Charlie finished university, landed a job as a bookkeeper in a large department store, and fifteen years passed. Never marrying, he had in fact taken up with a permanent lady friend, Matilda, a pleasant, cordial blonde lingerie clerk in the same department store. They lived together in a slightly upgraded walk up, four blocks further south of his boyhood home on Flatbush.

Now balding, edging toward pudgy, and given to reading hours daily and stamp-collecting, he had never fully lost his interest in bears as a result of the encounter. Charlie never saw another bear until, one summer day, he saw the Times’ spread on the Bronx Zoo.

The facility had taken in several new animals, including two grizzlies. Despite Matilda’s protest, the couple made the long, double subway transfer, Sunday trip to the Bronx.

They eventually came to the bear area. Revelation miraculously struck home. There, not twenty feet away, in a reinforced cage, behind two five-foot fences, the second topped with barbed wire, Charlie recognized the grizzly with the injured paw from Yellowstone fifteen years before.

The animal, now naturally massive, stared at Charlie intently. Charlie, behind his horn-rimmed glasses, could see it was love. When the bear moved about the cage, the mangled paw was prominent. He approached the cage and actually seemed to hold the damaged limb through the bars in a gesture that, in Charlie’s mind, had to be an attempt at communication.

Charlie was nearly overcome with elation.

Matilda screamed and guards came on the run as Charlie clambered over the outside fence, topping the barbed wire and tearing his clothing to shreds. Charlie mounted the cement wall surrounding the actual cage, and the crowd oohed and awed aloud in unison as Charlie reached through the bars and patted the animal on his huge stomach.

The bear stared with winsome eyes at his visitor for several seconds. Then he ripped off Charlie’s right arm and slumped in a corner of the cage, devouring the bloody morsel like a giant turkey leg at the state fair. Matilda fainted.

The audible “oohs” from the crowd morphed to phrases like “dumb ass” and “Wonder if he tastes like smoked ham.”

* * *

Charlie lay covered with a blanket between fences, and the Medical Examiner stooped over him. Matilda, strapped to a gurney, was hysterical. The bear was still plopped in a corner of his cage, gnawing on a tibia fragment.

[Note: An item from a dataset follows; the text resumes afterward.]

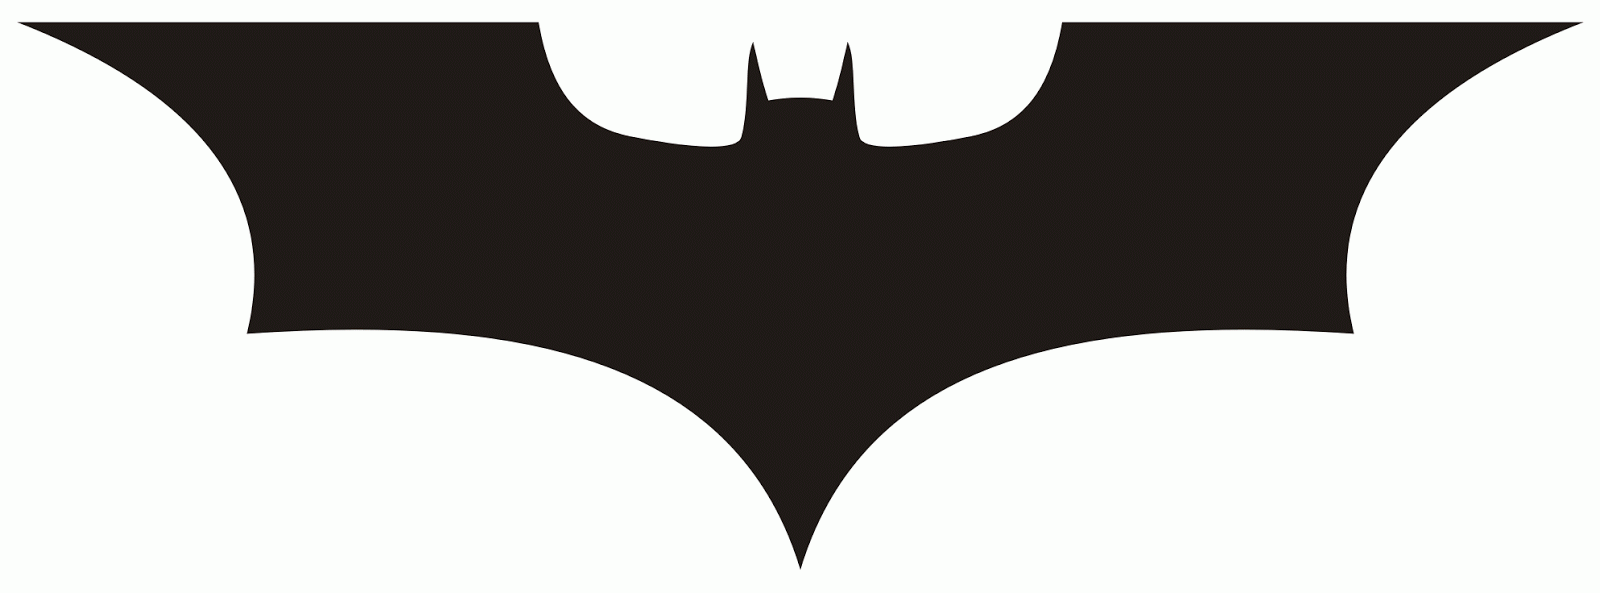 Dibujos en tela: Dos estilos de dibujo I parte. Batman.

“Hell,” the park attendant said to the media. “Old Bruno ain’t new. He was in the Fort Worth zoo for twenty-five years. Word is, he closed his front leg in an electronic gate ten or twelve years ago. Tore his paw all to blue neb.”

The uniformed NYPD officer stood, pen in hand. Then he called on his hand set. “Sarge, 627 Alpha here. I got a situation at the Zoo and I’m gonna need assistance with the report.”